Он вытянул шею, так и не переступив порог, высматривая дверь в избу. Глаза с трудом привыкали к темноте. Несколько громоздких кадок с заплесневелыми боками. Крышки придавлены валунами. От кадок исходил тот самый холодный, кисловатый смрад.
Дикого вдруг бросило в жар, потом крупный пот выступил на лбу. Показалось, что если сейчас он немного подумает, то непременно вспомнит, что находится в этих кадках, что за гербарий развешен под потолком и зачем все это нужно… Низкий лоб собрался морщинами, капля пота сорвалась и упала на грудь. Наваждение прошло. Дикой перевел дух, потрогал лоб. Простудился? Но его не знобит… Он с удивлением заметил, что еще сжимает суковатую палку в руках. Дикой чуть помедлил, потом пожал плечами и вышвырнул деревяшку на двор.
Уверенно, по-хозяйски – глаза освоились с полумраком, – Дикой нашел дверь в дом и открыл ее, не поморщившись на натужный скрип проржавевших петель.
Грязный, серый свет сочился из окон, роняя бледные квадраты на пыльный, голый пол. Закопченная печь громоздилась левее и впереди. В простенок втиснуты ряды полок, едва прикрытых грязно-лилового цвета занавеской в цветочек, на полках пыльные склянки, разнокалиберные банки, мутно отливающие стеклом, закрытые пленкой, тряпками, подвязанные веревочками, перетянутые резинками. Полотняные мешочки, распираемые неведомым содержимым, вперемешку с теми же пучками окостеневшей травы.
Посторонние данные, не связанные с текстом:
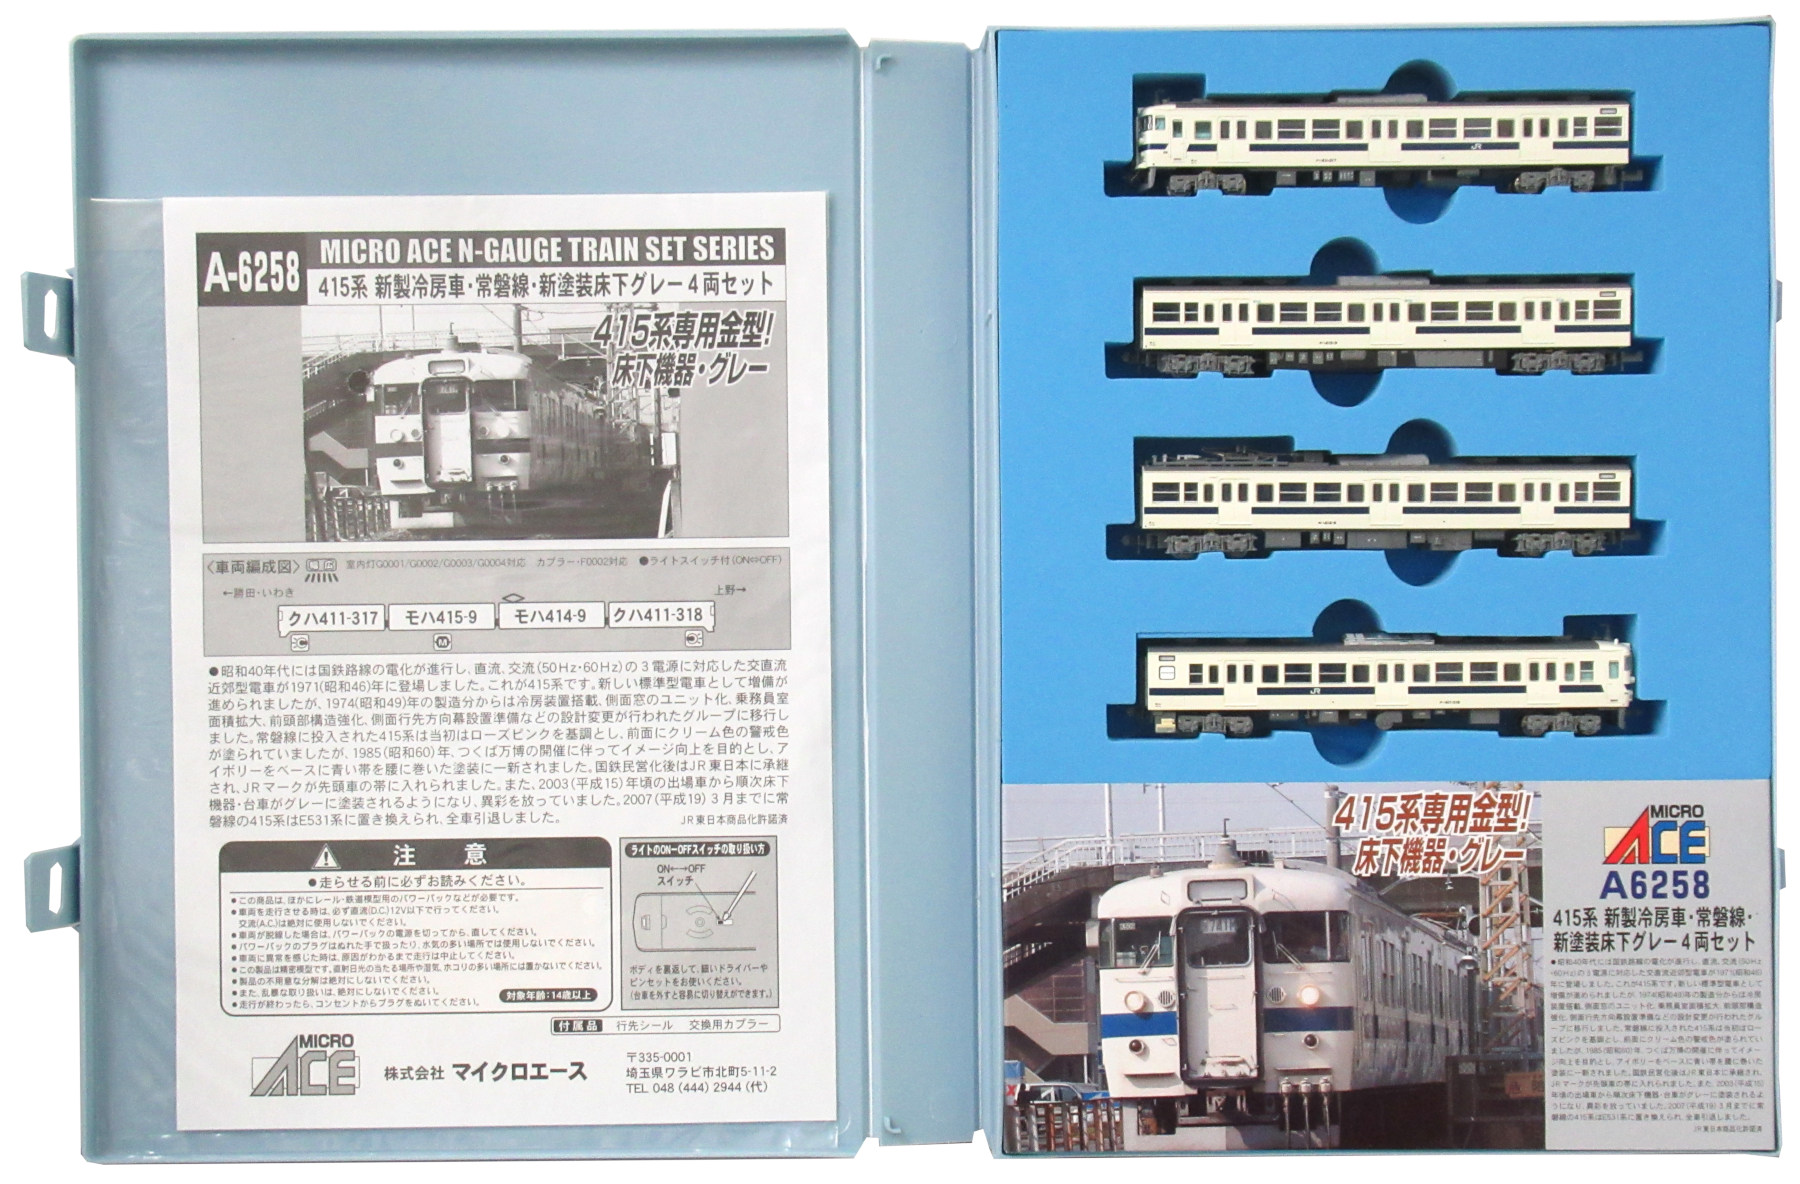 公式]鉄道模型(JR・国鉄 形式別(N)、近郊形車両、415系)カテゴリ

Дикой повернул голову. Справа, на стене громоздились наростами вороха одежды. Под лавкой не менее полуметра шириной – ряд непонятной обувки и только валенок закопченной трубой бодро торчал к потолку, поблескивая мутным глянцем галоши. В простенке меж окон, распятая деревянными колышками в подобии порядка, висела женская одежда. Юбку Дикой угадал точно, а выше – не то жакет, не то еще что-то старомодное, чье название только вертится на языке, забытое за ненужностью, вызывающее в памяти картинки из каких-нибудь фильмов о дореволюционных временах, вроде «Тени исчезают в полдень», «Угрюм река»…
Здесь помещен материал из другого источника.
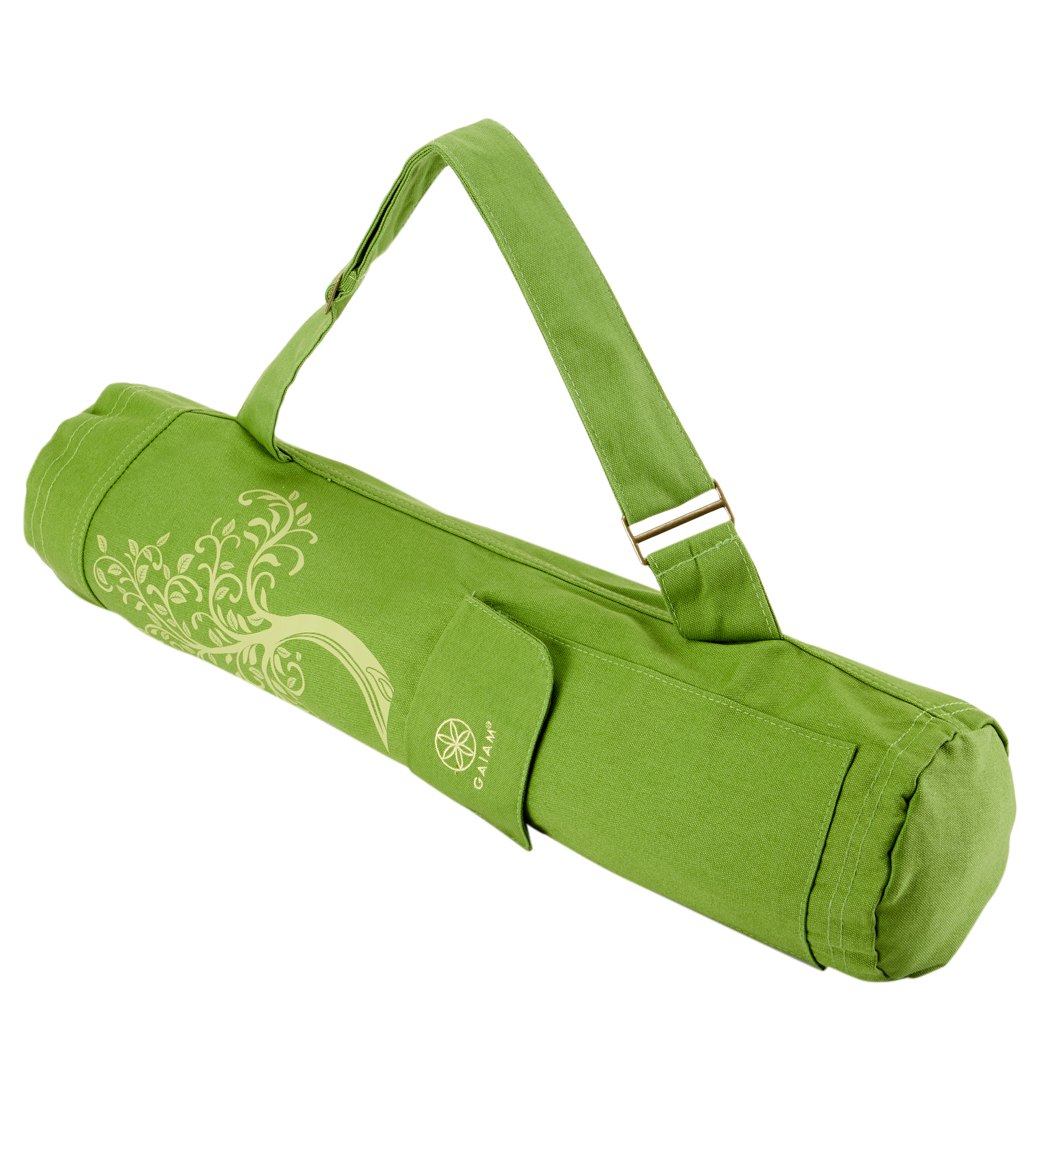 Gaiam Yoga Mat Bag – Full Zip Cargo Yoga Mat Carrier Bag

Под тряпками, у стены стоял сундук, такой огромный, что, пожалуй, и самого Дикого можно было туда запихнуть. Медные оковки позеленели, длинный язык запорной петли завернулся на конце, кокетливой трубочкой. Стол – под стать сундуку, завален каким-то хламом, тряпицами. Ступка с торчащим пестиком у самого края, кажется, качни столешницу, и она полетит на пол с тяжким бронзовым грохотом, рассыпая содержимое едким облачком толченой трухи.
Дикой приблизился, вздымая пыль с поскрипывающих половиц.
Слабая тень от колченогого подсвечника с двумя оплывшими свечками потянулась к нему, переползая по страницам старинной книги в деревянном окладе. Края страниц неровные с коричневатой каймой. Лужица воска склеила страницы в верхнем углу переплета. Черные строчки неизвестной Дикому вязи ползли по страницам, рассыпаясь в диковинные значки. Пучки сушеных травок лежали и на столе, рядом с инструментами, назначение которых Бене было неизвестно. Зачем, например, вот этот стальной крючок с плоской рукоятью, откованный похоже целиком в деревенской кузне? Круглые очочки в коричневой оправе, склеенной тряпичной изоляционной лентой в переносье, выпукло отражали фактуру старой бумаги в потрепанной тетради с загнутыми уголками обложки, на которой кроме типографской надписи «тетрадь» не было больше никаких пометок.
Дикой хотел потрогать очки, но не пошевелился. Вид старинных вещей вызывал полустертые образы из далекого детства, которого почти не было, начиная лет с четырех, когда его привезли в абаканский детский дом № 23. Последующее помнилось довольно хорошо, хотя он бы предпочёл забыть многое. А вот это далекое, истертое воспоминание, о старинной книге с церковнославянской вязью, вечно заложенной вот такими же очками, об аромате свежеиспеченного хлеба и шершавом тепле беленой печи, иногда посещали его в снах. Что это было и было ли с ним? Может быть, он жил в деревне до того, как его привезли в город и бросили. Чего уж там, конечно бросили! Знать бы кто? Хотя, какая теперь разница?..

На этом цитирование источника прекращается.